* **The task**:
Exactly reproduce the lines of the listing below from the one containing "Class Registration form" through the one containing "An Agile Control". Skip the images.

* **Available data**:

╭──

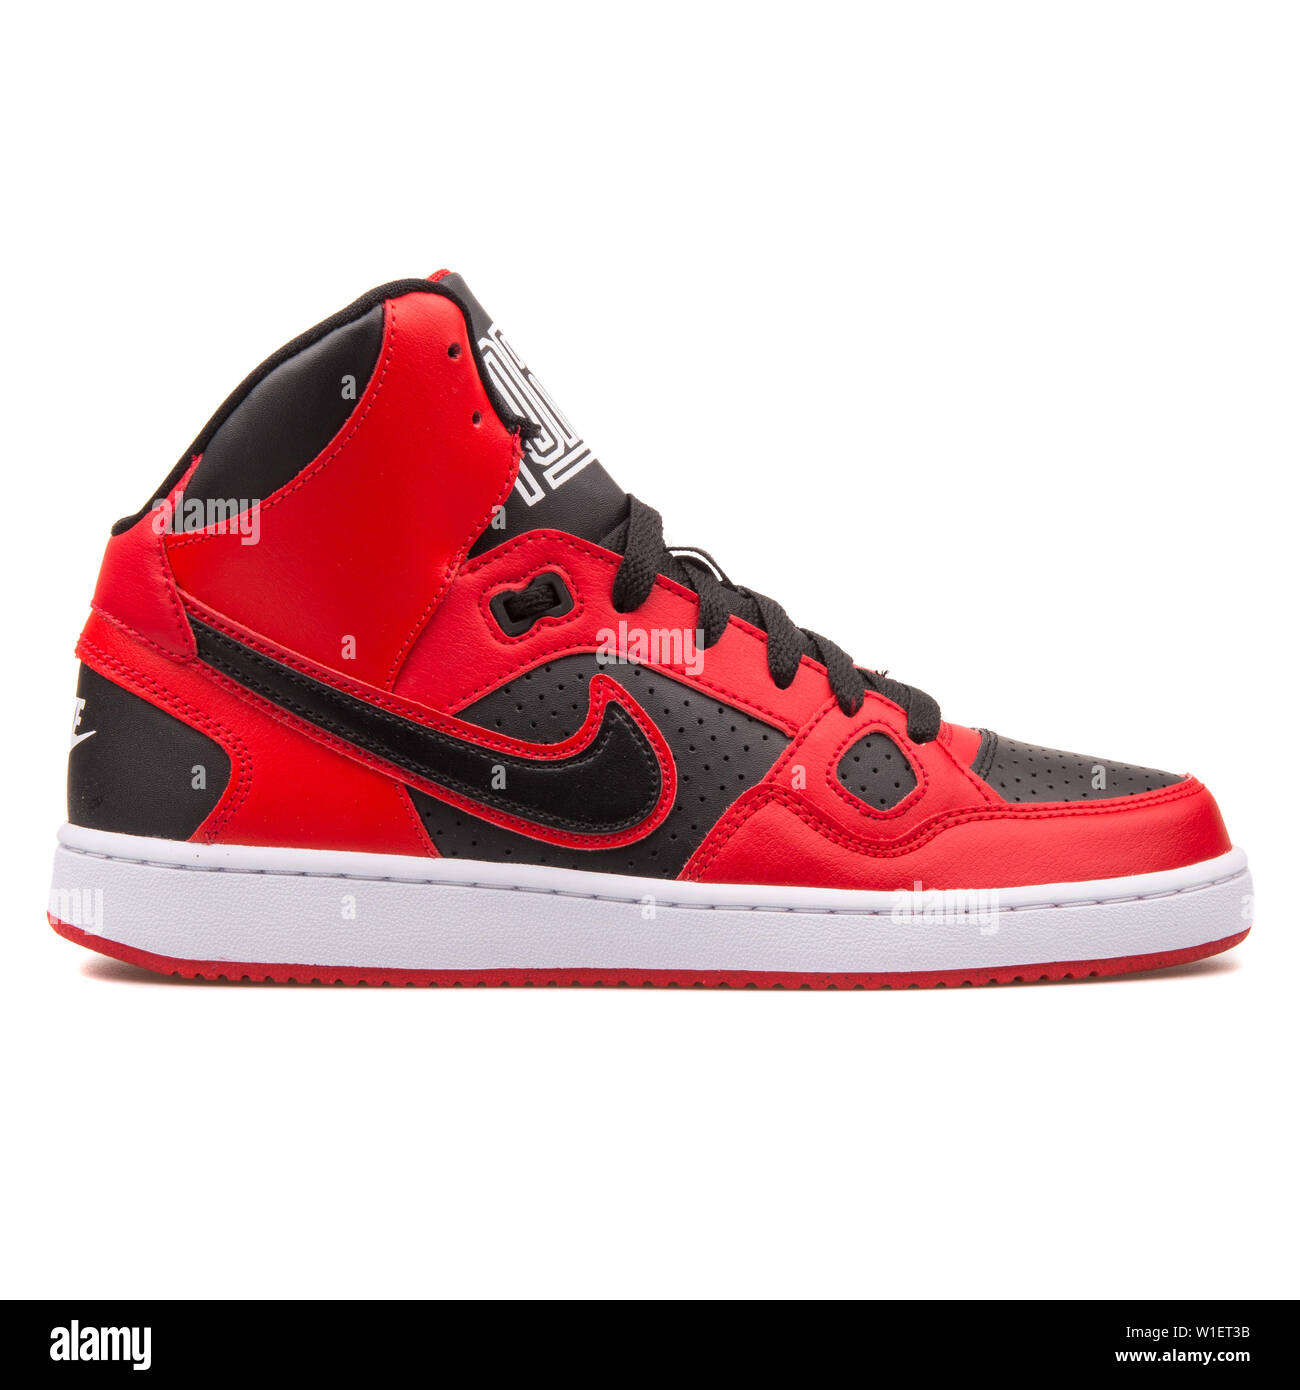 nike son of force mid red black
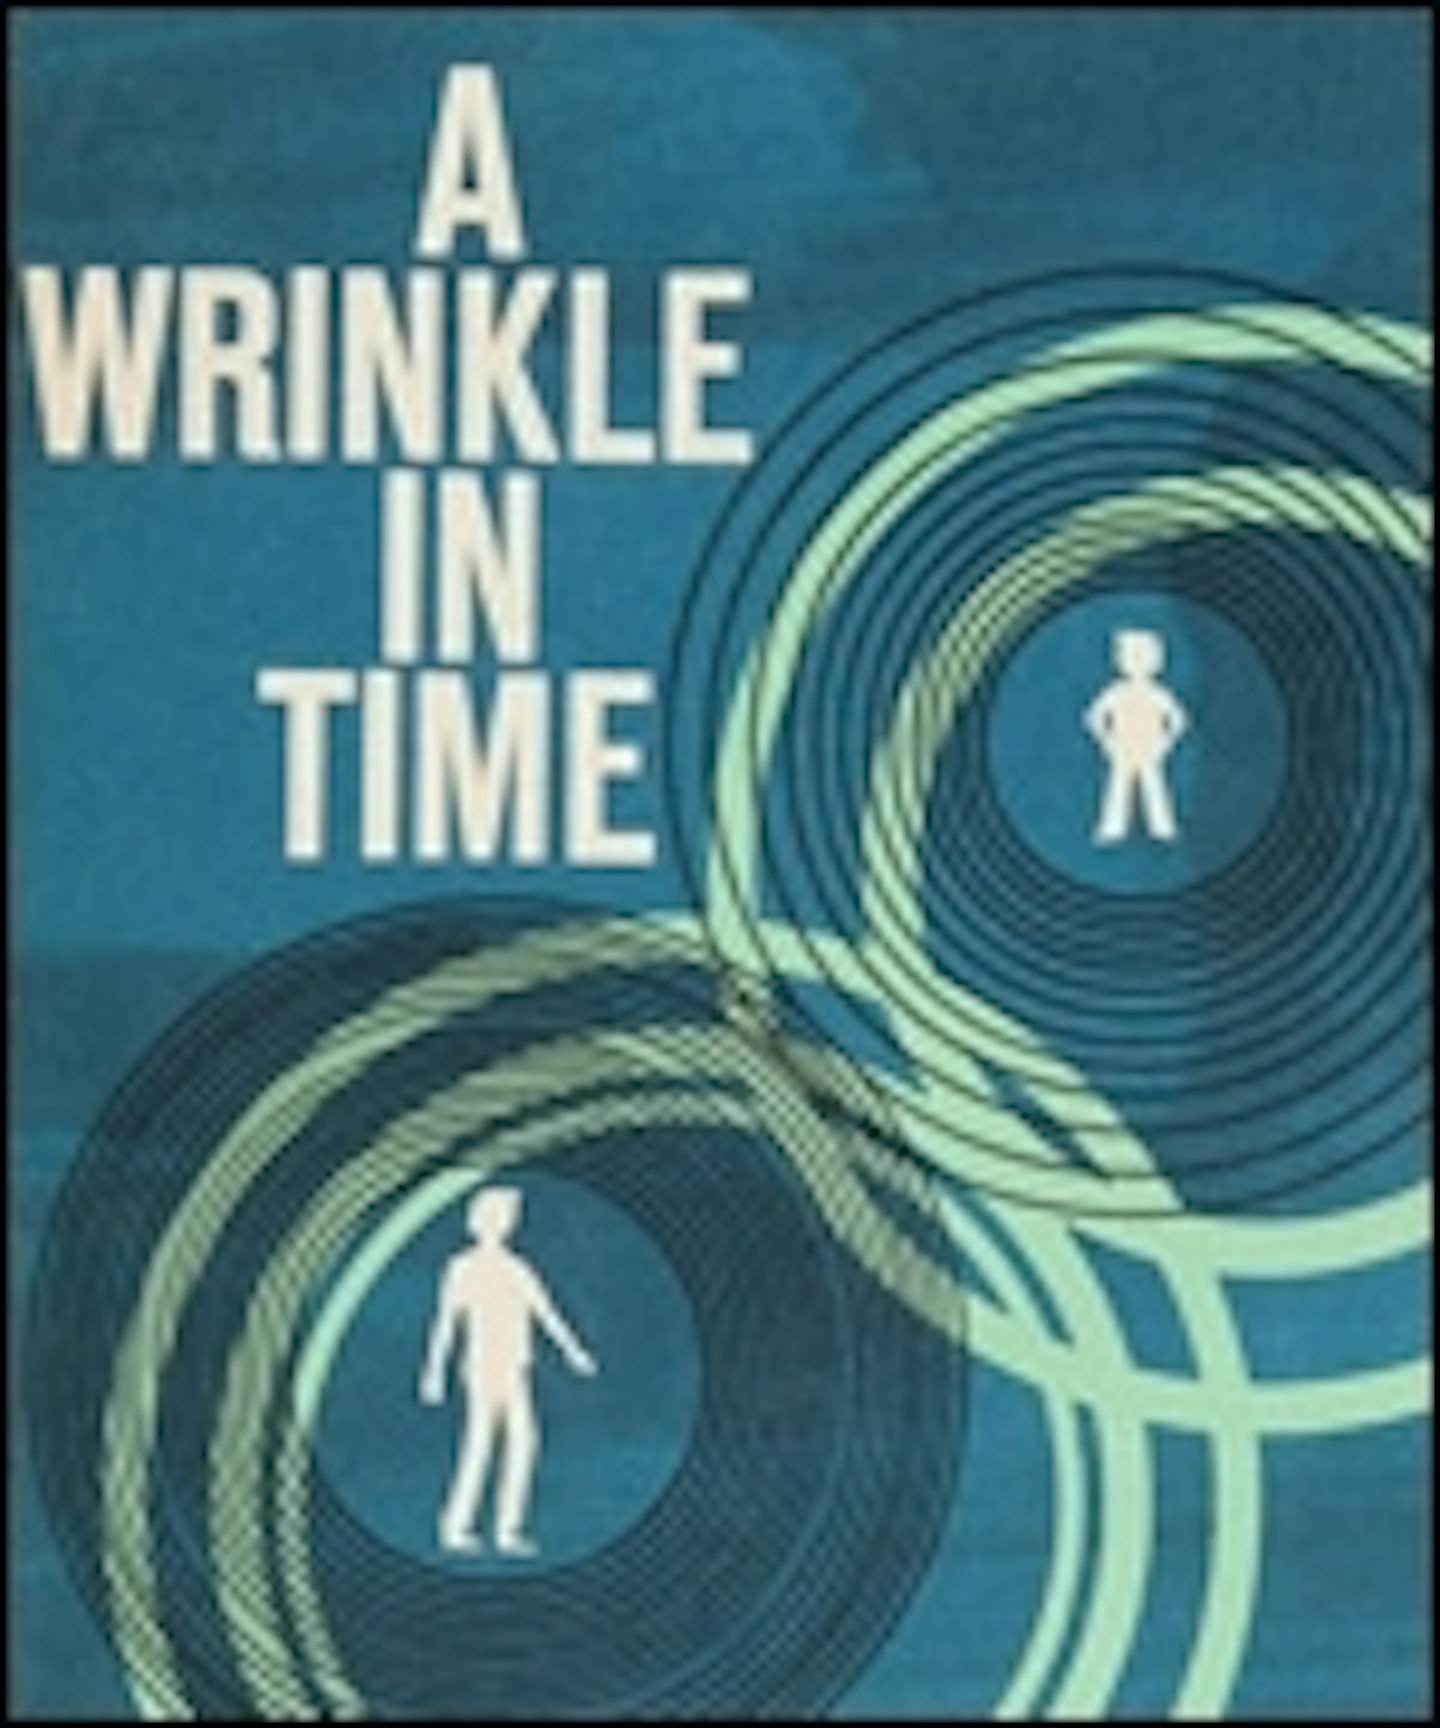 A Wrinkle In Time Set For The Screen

╰──
╭──

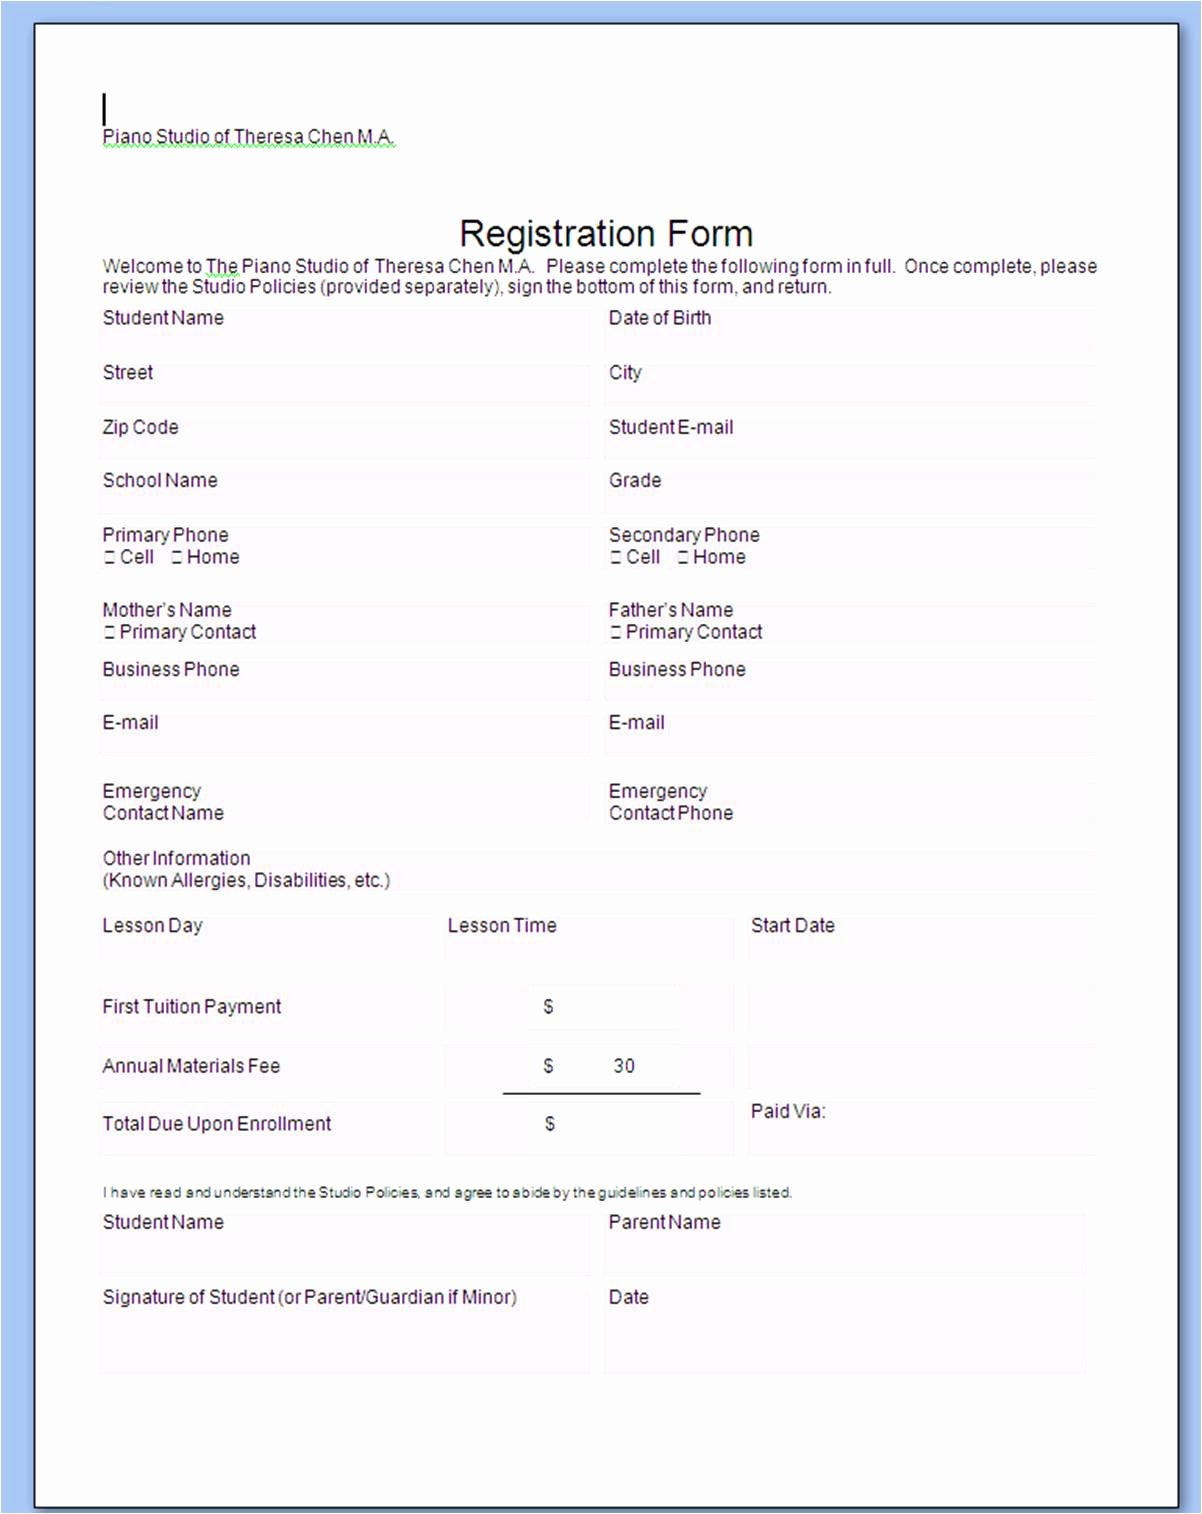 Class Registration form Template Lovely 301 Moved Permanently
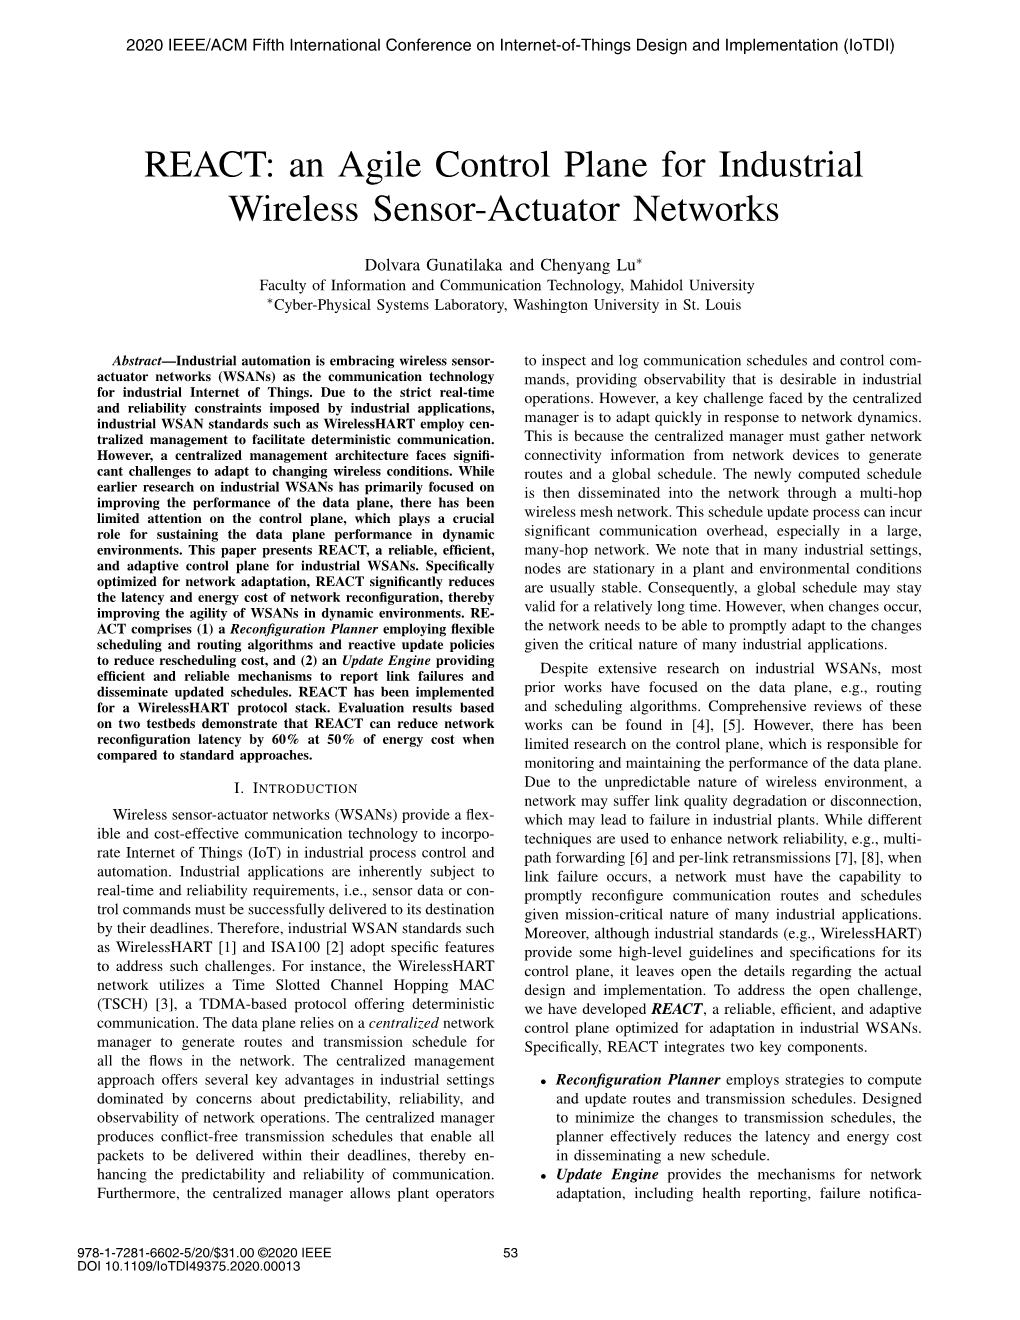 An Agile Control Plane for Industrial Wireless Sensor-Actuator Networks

╰──

* **Exercise solution**:
 Class Registration form Template Lovely 301 Moved Permanently
 An Agile Control Plane for Industrial Wireless Sensor-Actuator Networks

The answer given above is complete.